Miłość do hortensji nadeszła niedawno ,uwielbiam je za ogromną ilość kwiatów,za przebarwienia i nawet za to ,że zimą suche stanowią ozdobę ogrodu.
W tym roku był znowu wysyp grzybów ,a lasy nasze są ich pełne .Lubimy wszyscy chodzić do lasu ,ale potem to czyszczenie ,segregowanie,gotowanie...To już zawsze moja działka ,no nie tym razem pomógł Robert.Tyle ich naznosił ,że nie miał wyjścia.

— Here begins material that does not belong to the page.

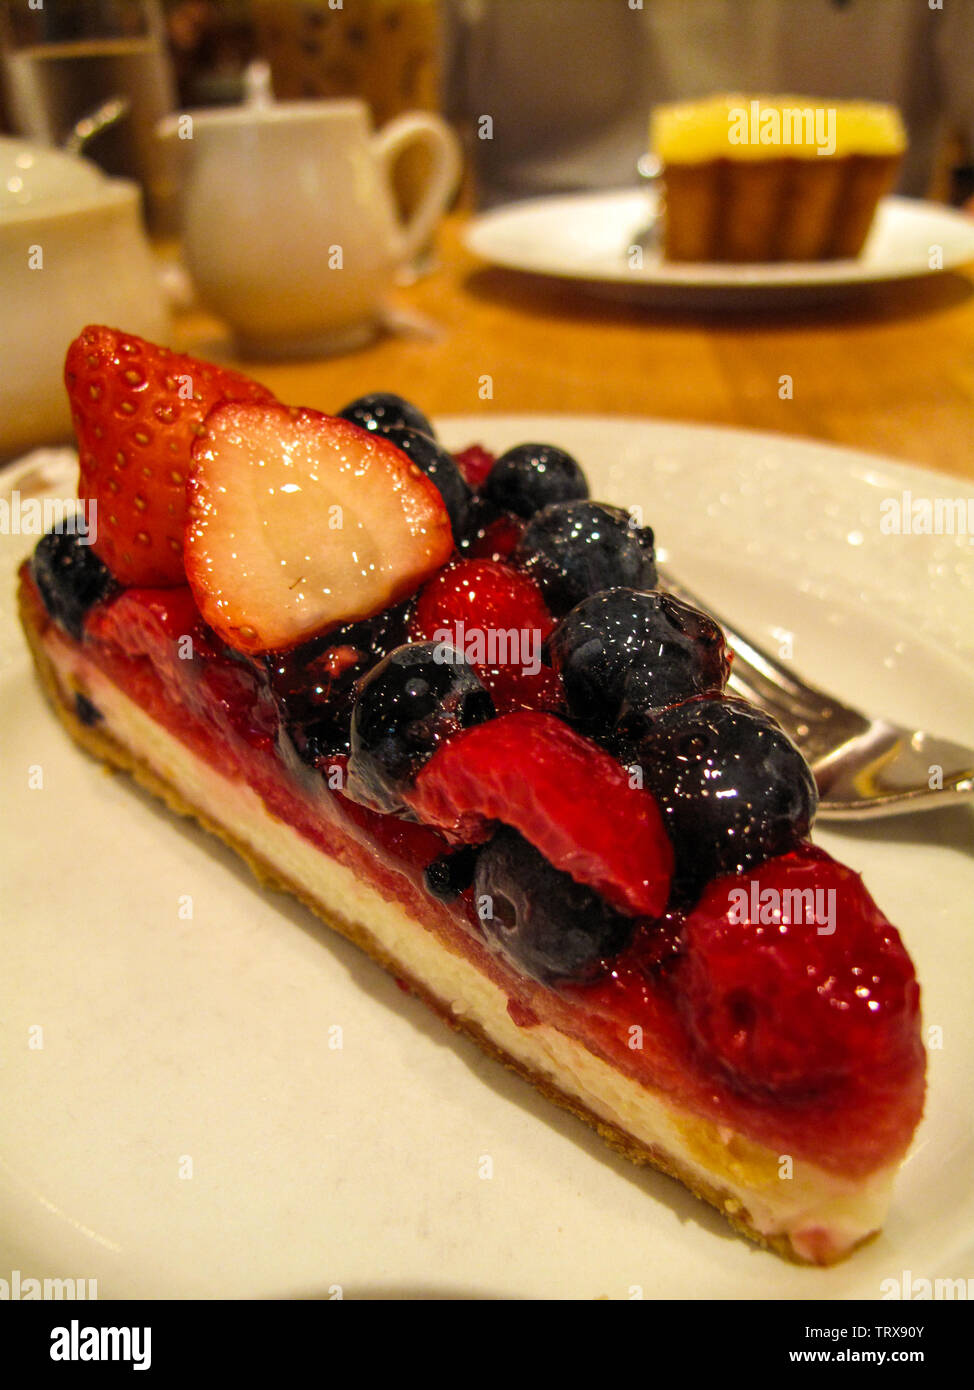 Cheesecake topped with lots of fresh strawberries, raspberries and blueberries in a cafe. Stock Photo
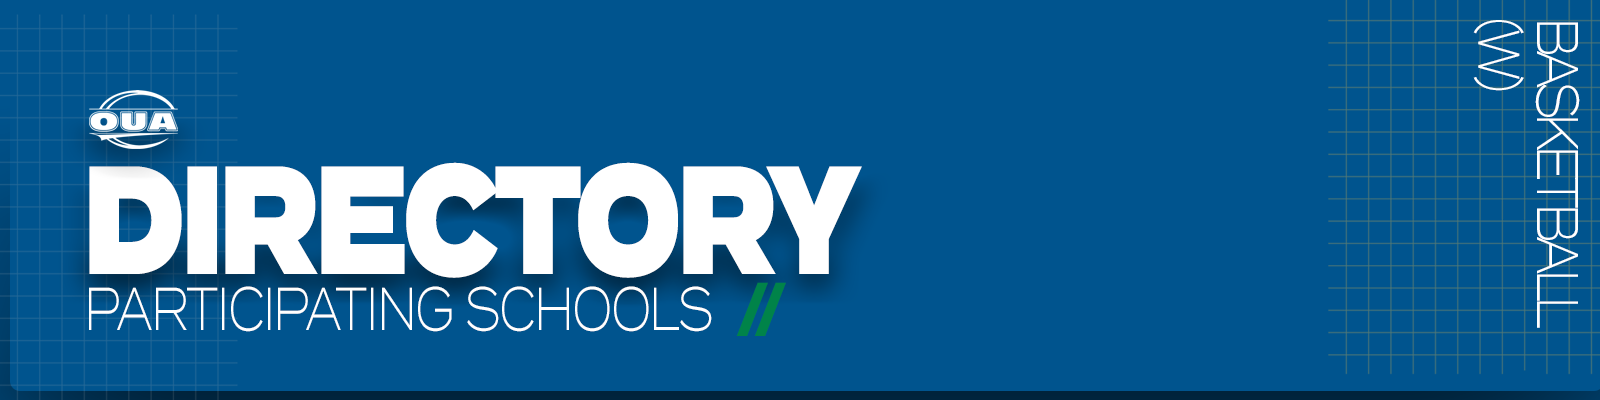 Predominantly blue graphic with large white text on the left side that reads 'Directory, Participating Schools' and small white vertical text on the right side that reads 'Basketball W'

Ta kania rosła koło naszego domu. Później nastał czas dyniowy. Posadziłam w tym roku inne zapomniałam nazwę i szkoda ,bo fajne ,małe i mocno pomarańczowe w środku.jedna już przerobiona na zupę i pyszne babeczki dyniowe.
A tak wyglądał ogród w ostatnich ciepłych dniach -taką jesień lubię,uwielbiam...
To jeszcze krótki wypad do Kobylej Góry,pojechaliśmy nazrywać owoców dzikiej róży na różaniec.
Potem zrobiło się mgliście ,tajemniczo i też uroczo...
Na koniec zachód słońca uchwycony z naszego tarasu.
Dobrej nocy-Ala.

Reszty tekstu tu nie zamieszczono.